This Ruby Gem is meant to scrape and parse results from Google, Bing or Baidu using SerpApi.
The following services are provided:
Serp API provides a script builder to get you started quickly.
Feel free to fork this repository to add more backends.
Ruby 2.1+ must be already installed:
$ gem install google_search_results
require 'google_search_results'
client = GoogleSearchResults.new(q: "coffee", serp_api_key: "secret_api_key" )
hash_results = client.get_hash
This example runs a search about "coffee" using your secret api key.
The Serp API service (backend)
- searches on Google using the client: q = "coffee"
- parses the messy HTML responses
- return a standardizes JSON response The Ruby class GoogleSearchResults
- Format the request to Serp API server
- Execute GET http request
- Parse JSON into Ruby Hash using JSON standard library provided by Ruby Et voila..
- How to set SERP API key
- Search API capability
- Example by specification
- Location API
- Search Archive API
- Account API
- Search Google Images
- Search Google News
- Search Google Shopping
- Google Search By Location
- Batch Asynchronous search
The Serp API key can be set globally using a singleton pattern.

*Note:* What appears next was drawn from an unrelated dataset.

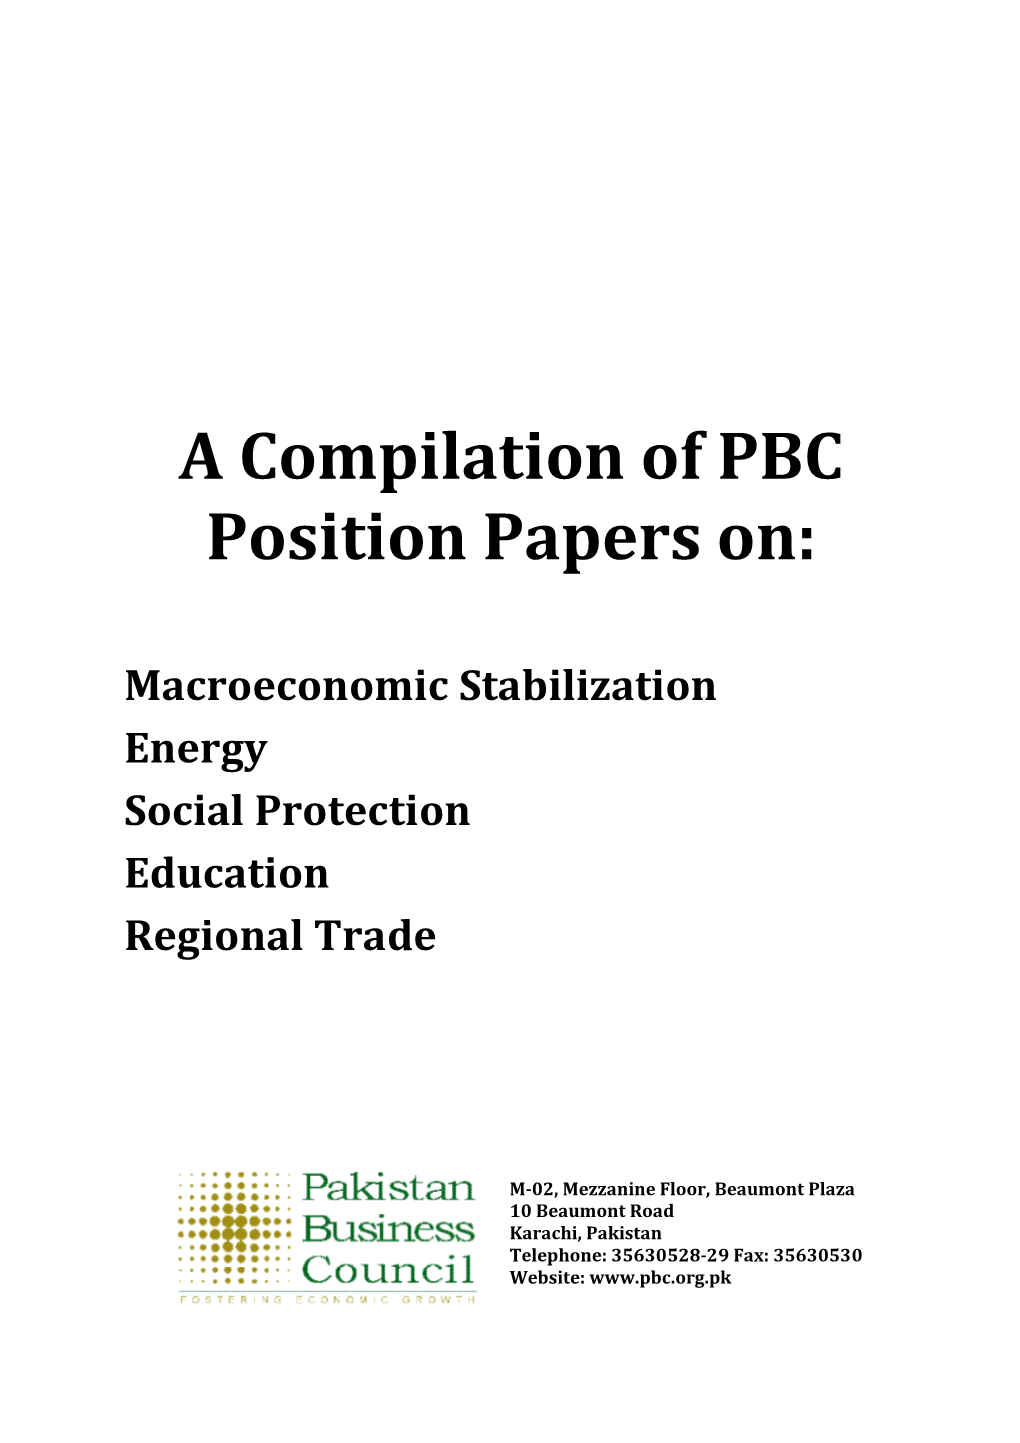 A Compilation of PBC Position Papers On

GoogleSearchResults.serp_api_key = "secret_api_key"
client = GoogleSearchResults.new(q: "coffee")
The Serp API key can be provided for each client.
client = GoogleSearchResults.new(q: "coffee", serp_api_key: "secret_api_key")
client_params = {
q: "client",
google_domain: "Google Domain",
location: "Location Requested",
device: "desktop|mobile|tablet",
hl: "Google UI Language",
gl: "Google Country",
safe: "Safe Search Flag",
num: "Number of Results",
start: "Pagination Offset",
api_key: "Your SERP API Key", # copy paste from https://serpapi.com/dashboard
tbm: "nws|isch|shop",
tbs: "custom to be search criteria"
async: true|false # allow async
}
# define the search client
client = GoogleSearchResults.new(client_params)
# override an existing parameter
client.params[:location] = "Portland,Oregon,United States"
# search format return as raw html
html_results = client.get_html
# search format returns a Hash
hash_results = client.get_hash
# search as raw JSON format
json_results = client.get_json
(the full documentation)[https://serpapi.com/search-api]
see below for more hands on examples.
We love true open source, continuous integration and Test Drive Development (TDD). We are using RSpec to test our infrastructure around the clock to achieve the best QoS (Quality Of Service).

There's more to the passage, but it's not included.